Exhibition recalls shop windows of Communist era

0:00
/
0:00

An exhibition of photographs of Communist-era shop windows called Nakupuji, or I Shop, has just opened at Prague's Galerie Vaclava Spaly. The photos were taken in Czechoslovakia and elsewhere in the Eastern Bloc in the mid- to late-1980s (and Russia in 1990) and represent a vivid and informative record of their time. The man who created them, Canadian-American photographer David Hlynsky, was in town for the exhibition opening, and I asked him 'why shop windows?'

"I was born and raised in North America in a highly, overly-stimulated environment of advertising and fantasy, sexual seduction; all of my life I've lived in this extreme fantasy-land of materialism. When I came to Prague at first in 1996 and then continued to travel I found a landscape, an urban landscape, that was much more simple.

"These pictures were surprising to me. They gave me relief from the fantasy, but they also signified a very simple inventory of the kinds of products that East Bloc citizens needed, which were the same as what we needed in the West. But there was a great difference in the way they were presented, and that's what I started to notice - the difference."

What about the actual design you see in a lot of these Communist-era shop windows - it looks quite kitschy now, but do you think some of the design has value?

"I think the design certainly has artistic value and design value. The difference that I see between the East Bloc windows from that period and the shop windows that I live with in my own culture is that in the West everything is branded. By branding I mean that everything has a company...fantasy attached to it.
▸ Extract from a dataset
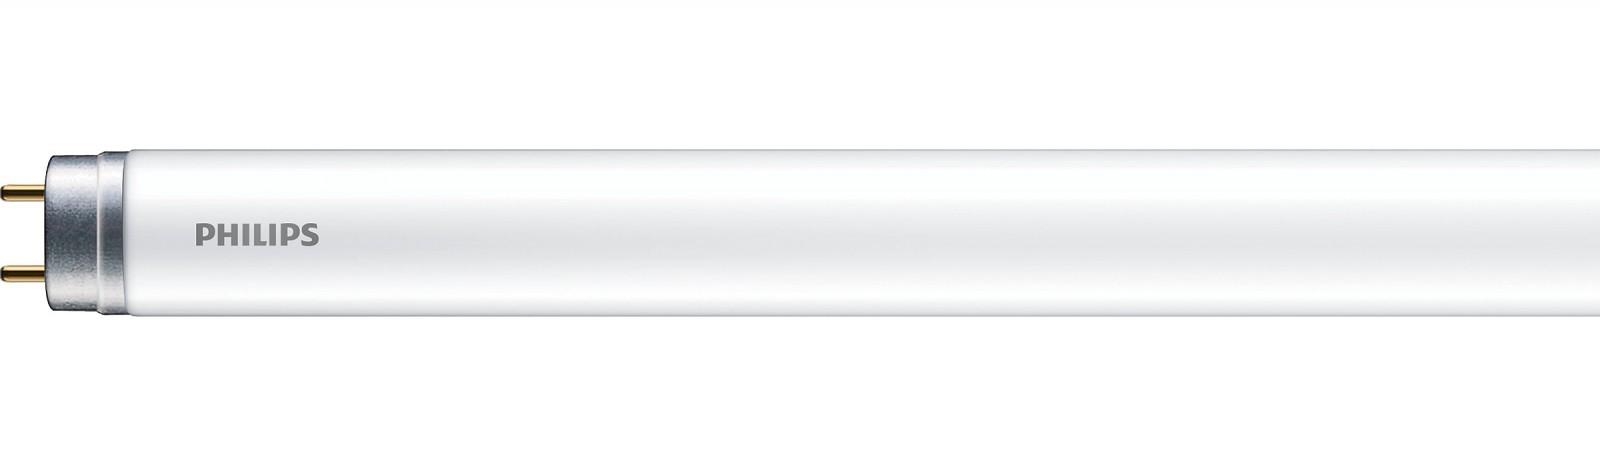 Tub LED Philips Ecofit T8, 20W, 2000 lm, 1500 mm, lumina naturala 4000K

"In these East Bloc windows it was very different, everything was simply labelled. It was only the name of what the product was, and the fantasy was stripped away."

Was it a kind of culture shock for you coming to the Eastern Bloc and seeing shops just called, for instance, 'Meat', and having almost nothing in them?

"Yes, sure it was a culture shock. It was also a culture shock after I spent a month here and went back to the West and saw this almost obscene cornucopia of goods spilling into the street, with people not seeming to care. So the culture shock went both ways."

Did you ever feel on your travels a bit lost when you couldn't buy Western products and you were reduced to eating, I don't know, very simple food, or you couldn't buy decent razor blades?

"Well, two answers to that. One is that it's very important for people to be lost sometimes. A human being who never gets lost I think suffers greatly. You have to reduce your needs sometimes just to experience your own existence.

"But I also found if I went into Poland or into Russia, or other countries and cities, if I found people on the street they almost always could help me some way. And I discovered that many of the citizens under the Communist regimes were people who knew how to collect materials in their own apartments, and many apartments were like warehouses.

"People knew each other, they knew their neighbours and they would be able to ask the neighbour for something and the neighbour would ask another neighbour and another neighbour, and finally there would be something there."

By the way, his surname may sound Czech but Mr Hlynsky says his ancestors probably came from Slovakia and Poland.